### Your task:
Images are not wanted; transcribe the rest of the listing exactly.

### Information provided:
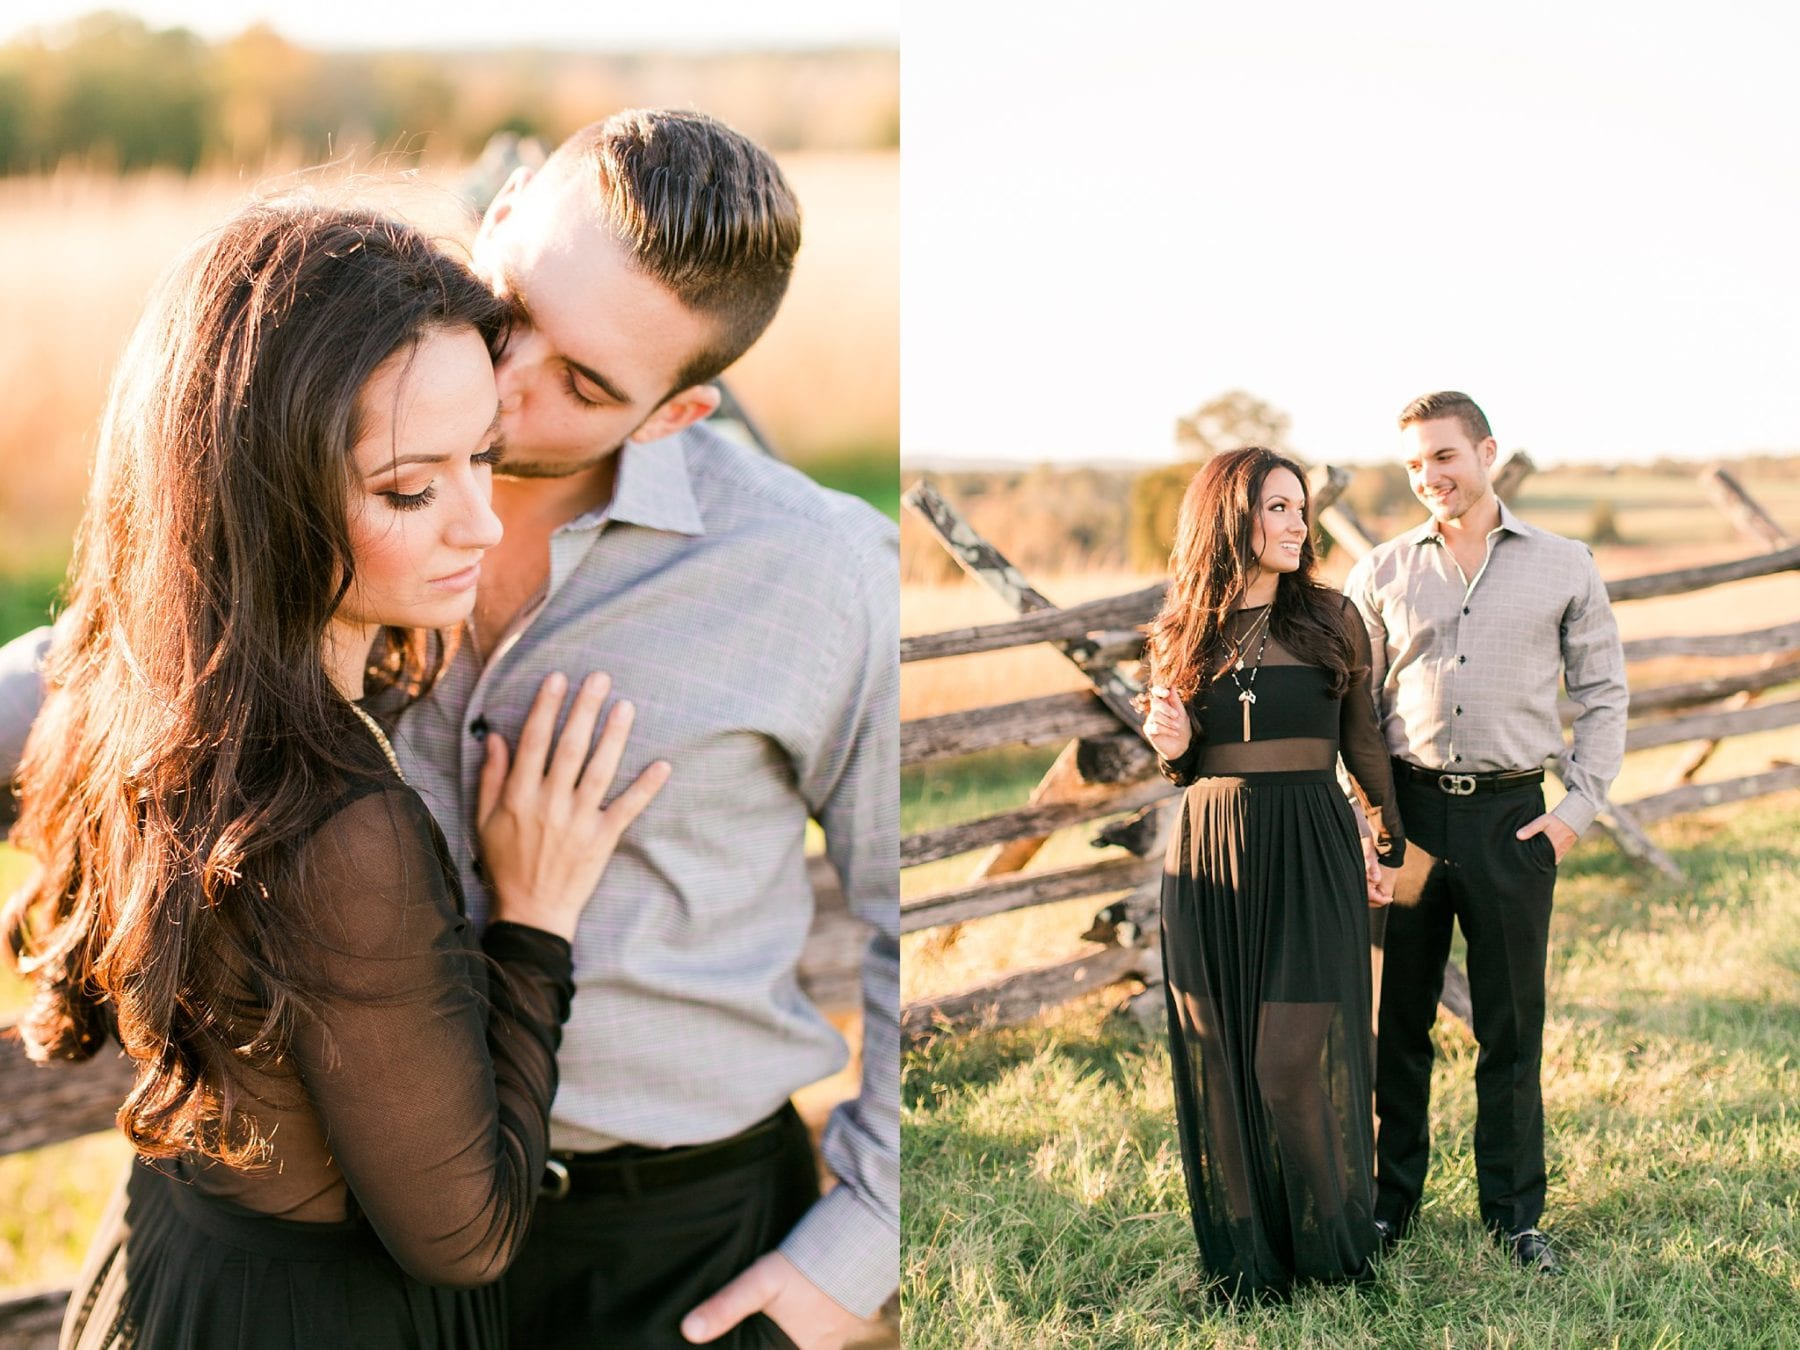 Manassas Battlefield Portraits Virginia Wedding Photographer Megan Kelsey Photography Lianne & Chris-112.jpg
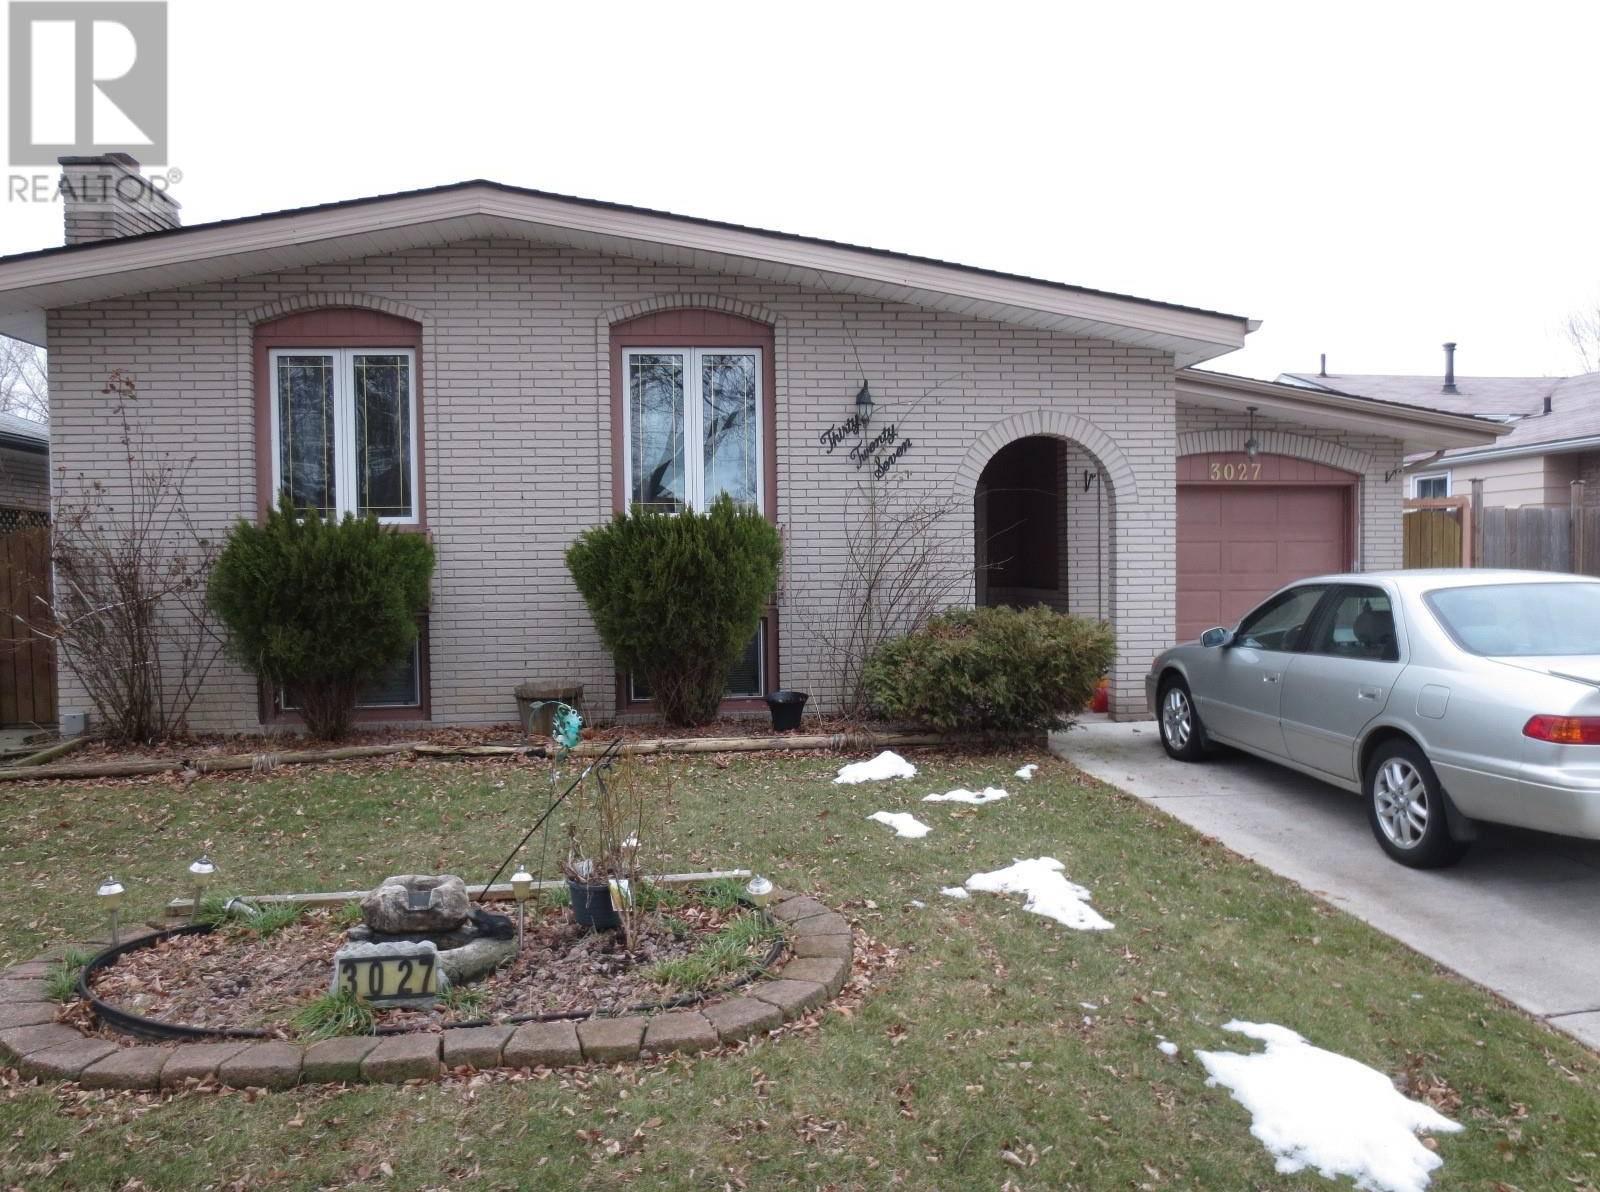 House for sale at 3027 Regis  Windsor Ontario - MLS: 20002091
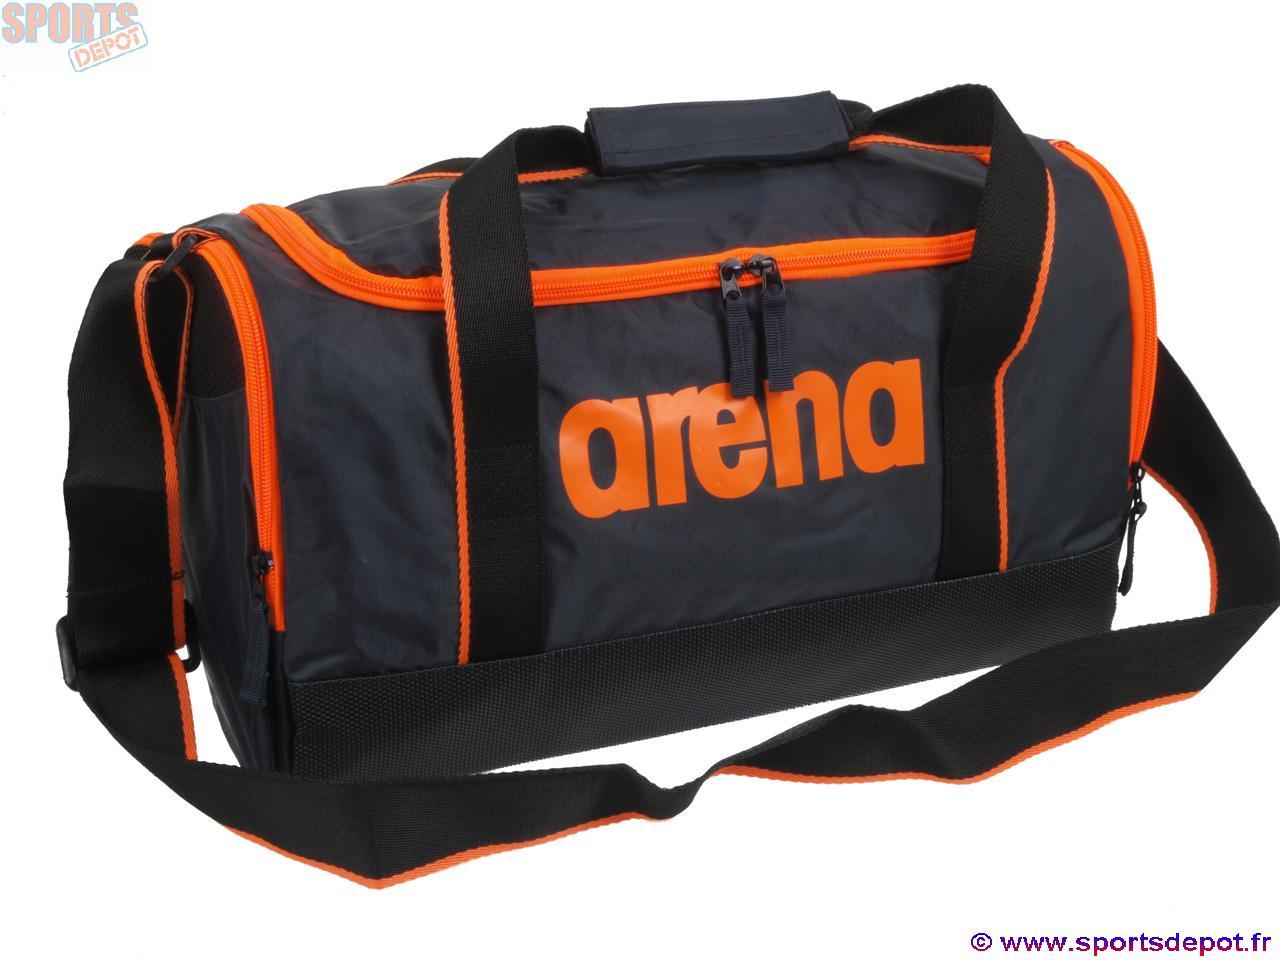 Acheter Sac De Sport ARENA Spiky 442225cm Homme

### Written answer:
 Manassas Battlefield Portraits Virginia Wedding Photographer Megan Kelsey Photography Lianne & Chris-112.jpg
 House for sale at 3027 Regis  Windsor Ontario - MLS: 20002091
 Acheter Sac De Sport ARENA Spiky 442225cm Homme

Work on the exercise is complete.